編集部●成長する会社の中でどのような役割を果たされたのでしょうか?
野口さん●2001年くらいから会社の海外展開が始まりました。私は小学6年から高校3年まで英国で過ごしたため英語を話せたこともあり、中国、香港、フランス、スペインといった国々の携帯電話事業者への、コンテンツ導入のコンサルティングを担当しました。この時、責任者となったことで海外 事業全般について鍛えられました。
編集部●その後、ヤフージャパンをはじめ、転身を重ねられました。
野口さん●2003年、サイバードを退社しました。携帯にとどまらずパソコンという大きなフィールドで活躍したいと思ったんです。ヤフーではサービス全体を統括するセクションにいましたが、当時は海外のヤフーで出来上がったサービスをそのまま日本で展開することがほとんどでした。日本独自の積極的 な動きをしづらい面があり、やや息苦しさを感じていました。そんな時、ある投資家から豪州で事業の立ち上げを手伝って欲しい、という話が来たんです。元々海外での活動に大きな魅力を感じていたので、転籍を決意しました。
編集部●その後、フィリピンへ進出されます。
野口さん●豪州経済が好調を維持し、ほどなくして人件費が高騰、円に対する豪ドルも上昇を続ける逆風となったんです。そのとき、「それじゃあ人件費もはるかに安く英語圏のフィリピンだ」と。しかし顧客もビジネスプランもありませんでした。ただ「こんなサービスをやりたい」という大きな夢だけはあった んです。

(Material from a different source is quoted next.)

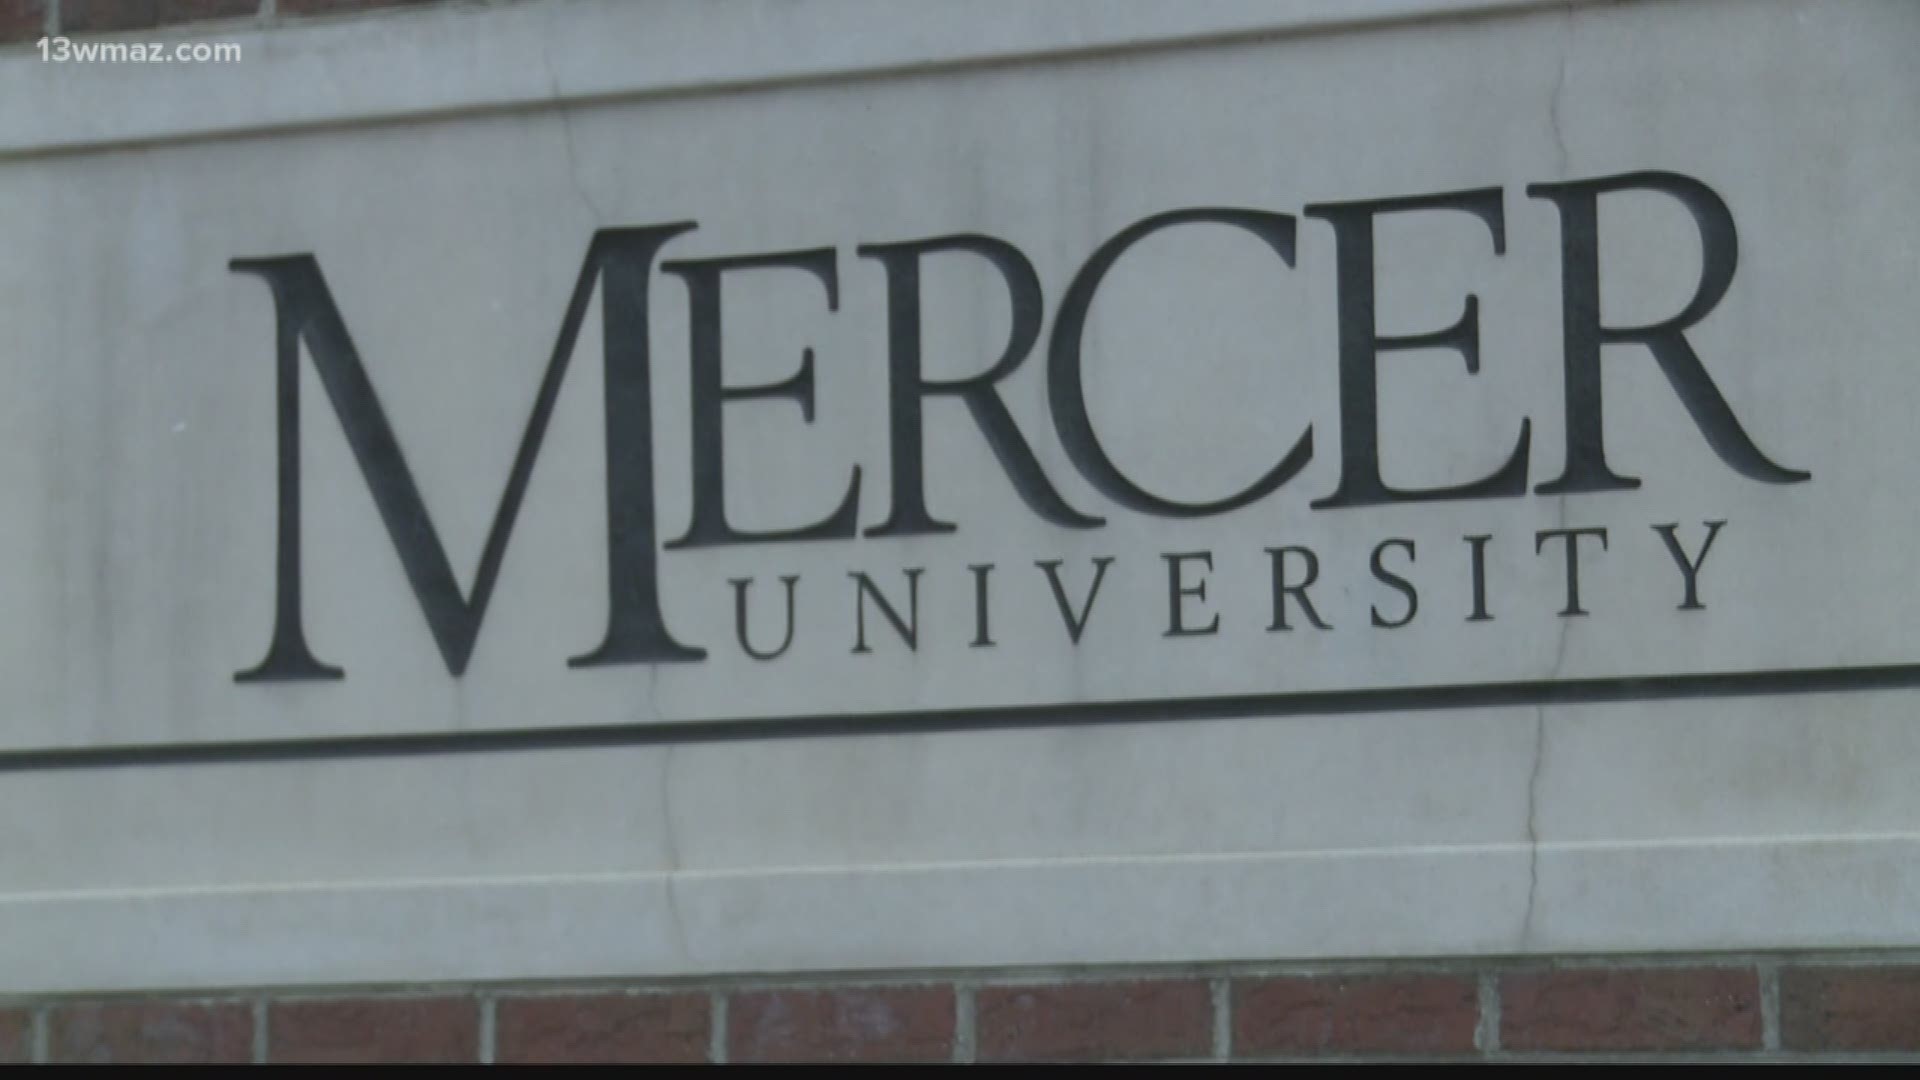 Police: Driver pointed gun at Mercer student

編集部●2007年にCyscorpions(サイスコーピオンズ)を設立されました。
野口さん●日本人4名とローカルスタッフ16名の合計20名でスタートさせました。ところが何一つサービスを完成できないまま、資金だけはどんどん消えていった。その間、妻の貯金に手を付けたりとか(笑)。これはまずいと思い、まずは日本からの開発受託を取ろうと単身、日本に逆出張して営業し ました。
編集部●一から仕切り直しですね。
野口さん●一人で日本に戻って、片っ端から企業を回りました。そういう時に昔の知り合いには頼りたくない性分なんです。だから営業先は全て新規。漫画喫茶に寝泊まりしながら、ネット難民さながらの状況の中での営業でした。あの時は本当に大変で、ようやく狭いレンタルオフィスを借りた後も、デ ィスカウントストアで調達した寝袋にくるまりながらの生活でした。本来は宿泊が禁止の建物で、夜中に守衛さんに見つからないかいつもハラハラしていたのを覚えています。この時代におつきあいいただいた方には、今でも本当に感謝しています。
編集部●いよいよ本格的な成長が始まります。
野口さん●最終的に設立から一年ほどかかって黒字にこぎ着けました。社員も成長を重ね、当時最先端だった携帯コンテンツやアニメデコメの製作などをさせていただきました。
編集部●オンラインゲームの開発・運営で有名なKLab(クラブ)と業務資本提携します。
野口さん●2011年初秋にKLabが東証マザーズに上場した際、代表の真田哲弥さんに挨拶に行きました。その時に、「これからは海外の時代だから一緒にやらないか」と言っていただいたんです。実質1ヶ月後の12月には業務資本提携を結びましたので、ものすごいスピード感ですよね。
編集部●提携の結果、KLab Cyscorpions(クラブ・サイスコーピオンズ)は、グループの開発中心拠点という重責を担います。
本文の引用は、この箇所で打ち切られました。